The minimally invasive transcatheter aortic valve implantation (TAVI) is the most prevalent method to treat aortic valve stenosis. For pre-operative surgical planning, contrast-enhanced coronary CT angiography (CCTA) is used as the imaging technique to acquire 3-D measurements of the valve. Accurate localization of the eight aortic valve landmarks in CT images plays a vital role in the TAVI workflow because a small error risks blocking the coronary circulation. In order to examine the valve and mark the landmarks, physicians prefer a view parallel to the hinge plane, instead of using the conventional axial, coronal or sagittal view. However, customizing the view is a difficult and time-consuming task because of unclear aorta pose and different artifacts of CCTA. Therefore, automatic localization of landmarks can serve as a useful guide to the physicians customizing the viewpoint. In this paper, we present an automatic method to localize the aortic valve landmarks using colonial walk, a regression tree-based machine-learning algorithm. For efficient learning from the training set, we propose a two-phase optimized search space learning model in which a representative point inside the valvular area is first learned from the whole CT volume.

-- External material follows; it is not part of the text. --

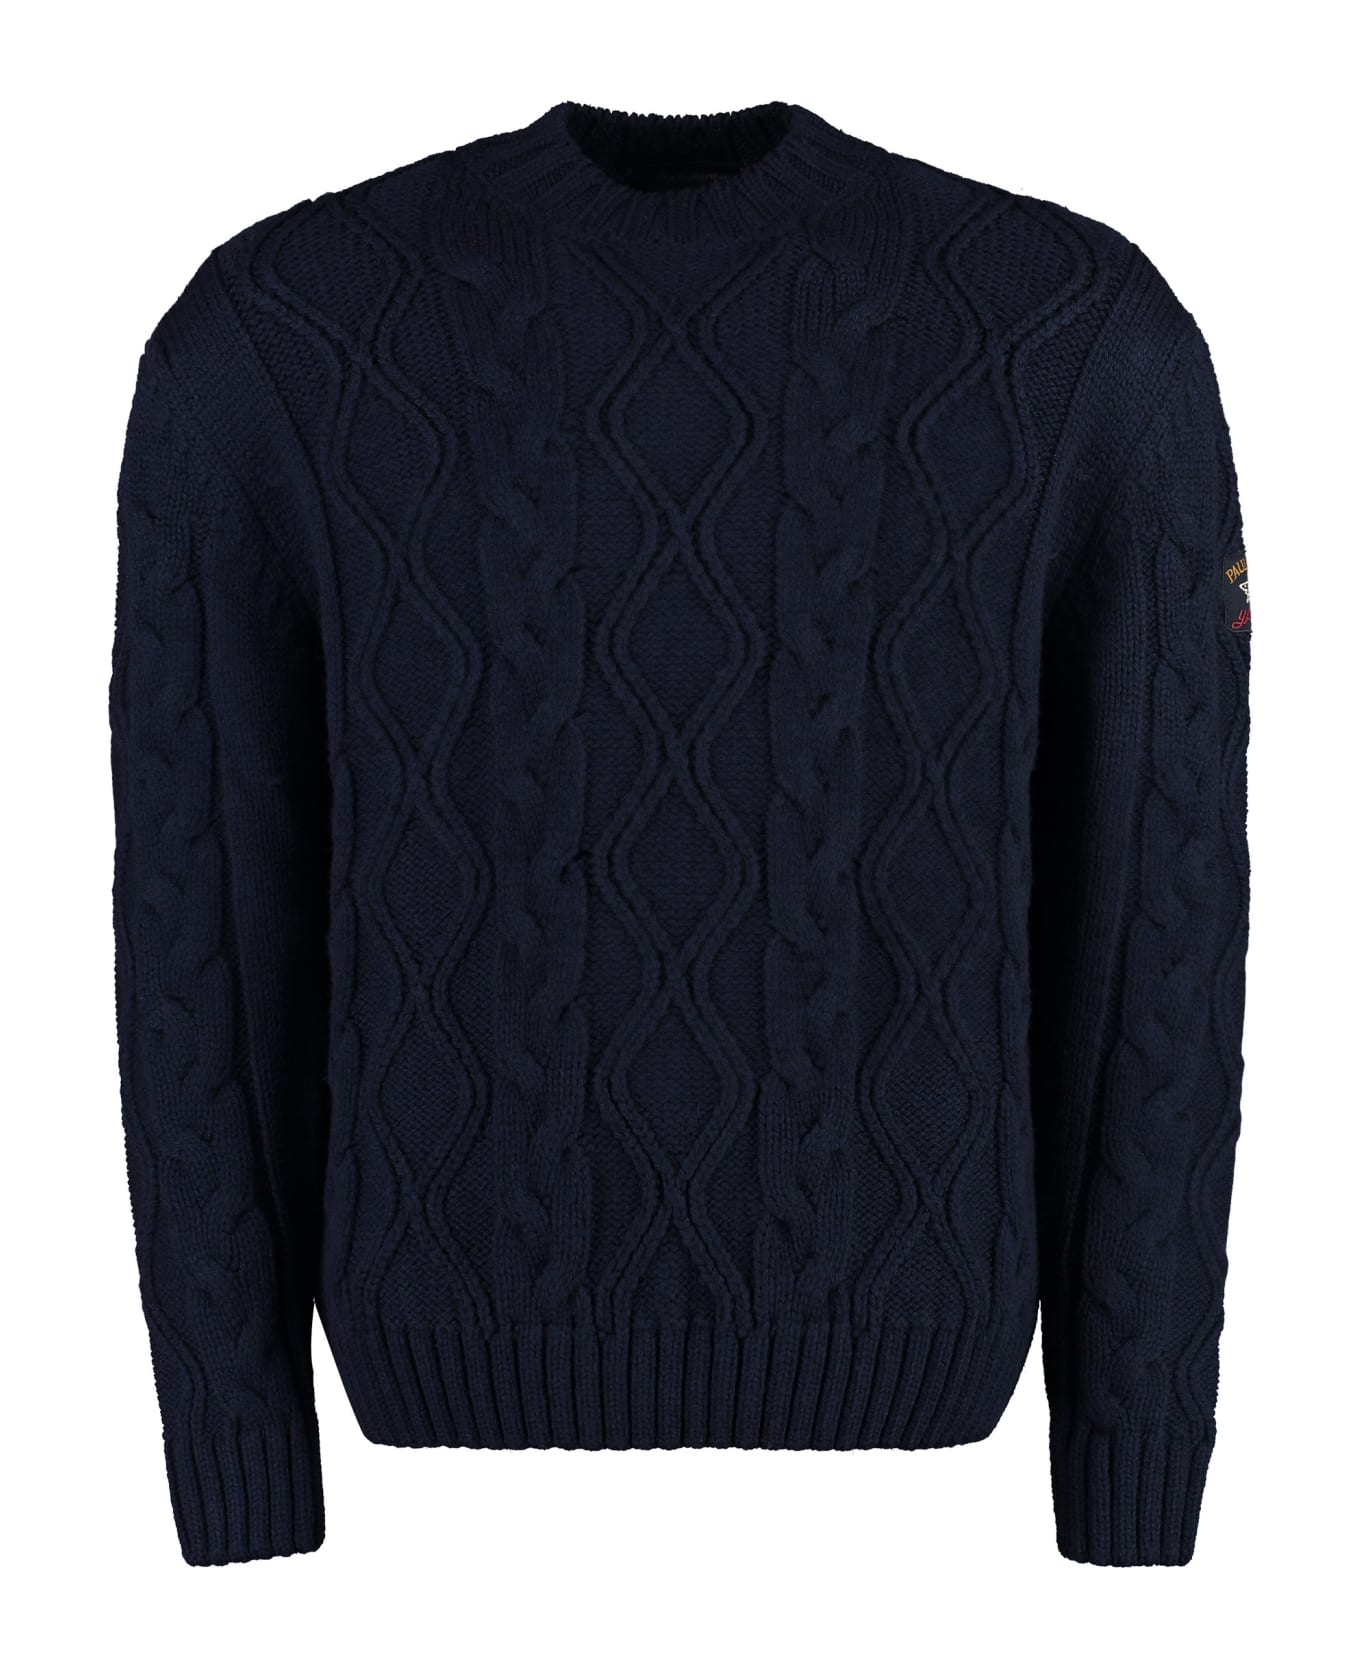 Paul&Shark Cable Knit Sweater - blue

All eight landmarks are then learned from a smaller area around that point. Experiment with preprocedural CCTA images of TAVI undergoing patients showed that our method is robust under high stenotic variation and notably efficient, as it requires only 12 milliseconds to localize all eight landmarks, as tested on a 3.60 GHz single-core CPU.

Highlights

  • Aortic valve stenosis is a well-known valvular heart disease worldwide [1]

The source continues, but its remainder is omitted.